# surface integrals

• Feb 28th 2009, 06:42 AM
James0502
surface integrals
evaluate double int over S (e^z) dS
where S is the surface of the sphere x^2 + y^2 + z^2 = a^2

I know dS = a^2(sintheta)(d.theta)(d.phi) using the parametrization

r = (a.sintheta.cosphi,a.sintheta.sinphi,acosphi)

so from there do I just calculate

int int e^(acosphi) a^2(sintheta)(d.theta)(d.phi)

?

many thanks
• Feb 28th 2009, 12:35 PM
ThePerfectHacker
Quote:

Originally Posted by James0502
evaluate double int over S (e^z) dS
where S is the surface of the sphere x^2 + y^2 + z^2 = a^2

I know dS = a^2(sintheta)(d.theta)(d.phi) using the parametrization

r = (a.sintheta.cosphi,a.sintheta.sinphi,acosphi)

so from there do I just calculate

int int e^(acosphi) a^2(sintheta)(d.theta)(d.phi)

?

many thanks

The surface can be parametrized as $\bold{g} : [0,2\pi]\times [0,\pi] \to \mathbb{R}^3$ as $\bold{g}(\theta,\phi) = (a^2\cos \theta \sin \phi, a^2 \sin \theta \sin \phi, a^2 \cos \phi)$.

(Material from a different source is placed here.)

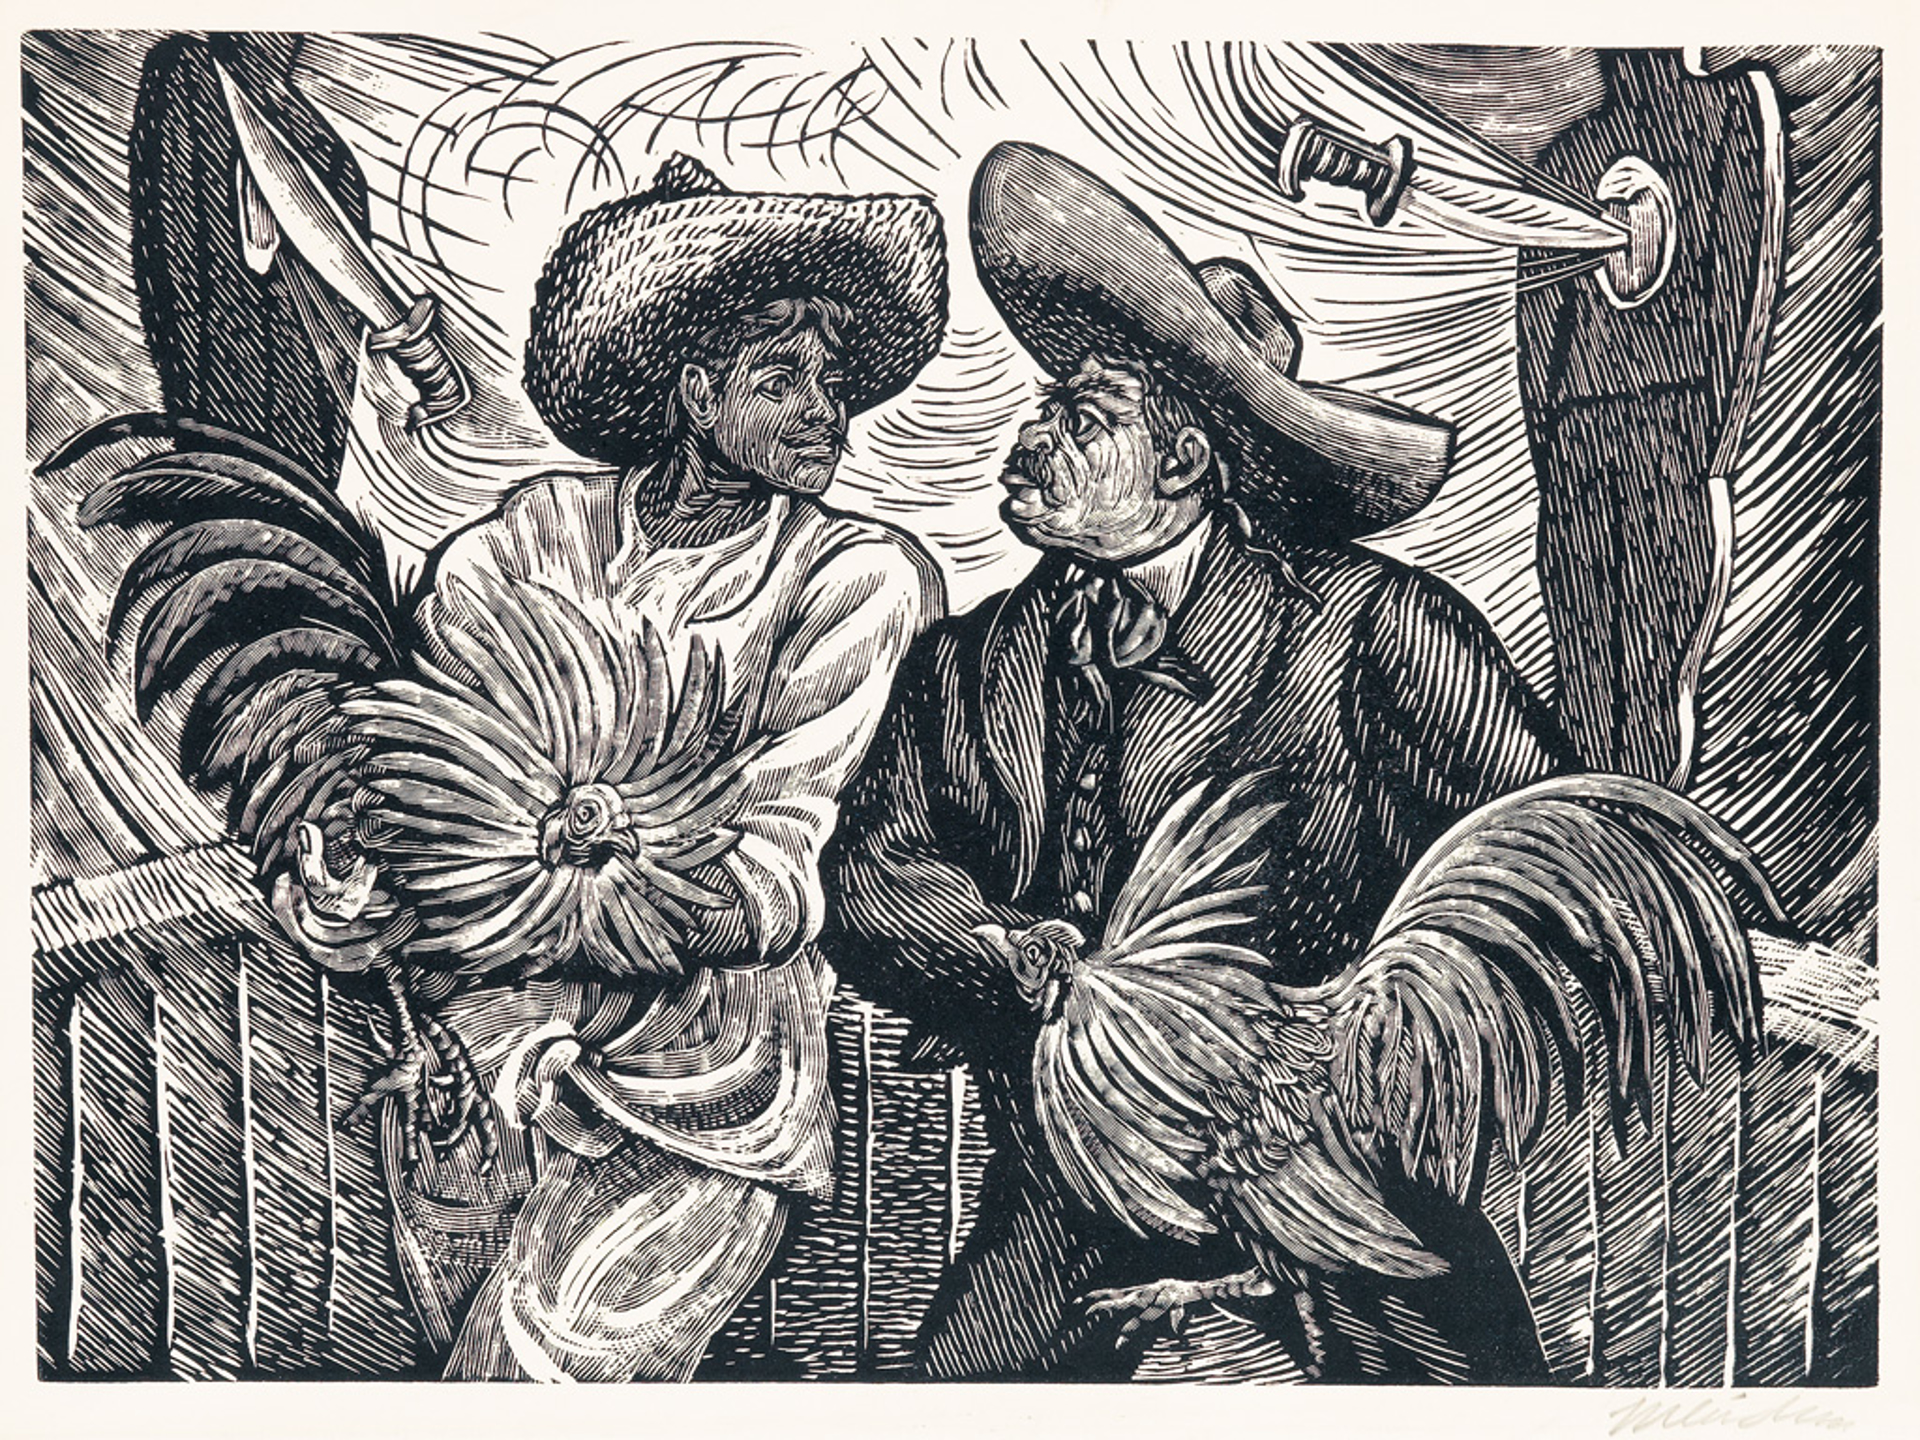 Dos Galleros by Leopoldo Méndez (1902 - 1969)

The function that you have is $f(x,y,z) = e^z$.

Therefore, $\iint_S f dS = \int_0^{\pi} \int_0^{2\pi} f(\bold{g}(\theta,\phi)) \cdot \left| \frac{\partial \bold{g}}{\partial \theta} \times \frac{\partial \bold{g}}{\partial \phi} \right| d\theta ~ d\phi$

Compute that for your surface integral.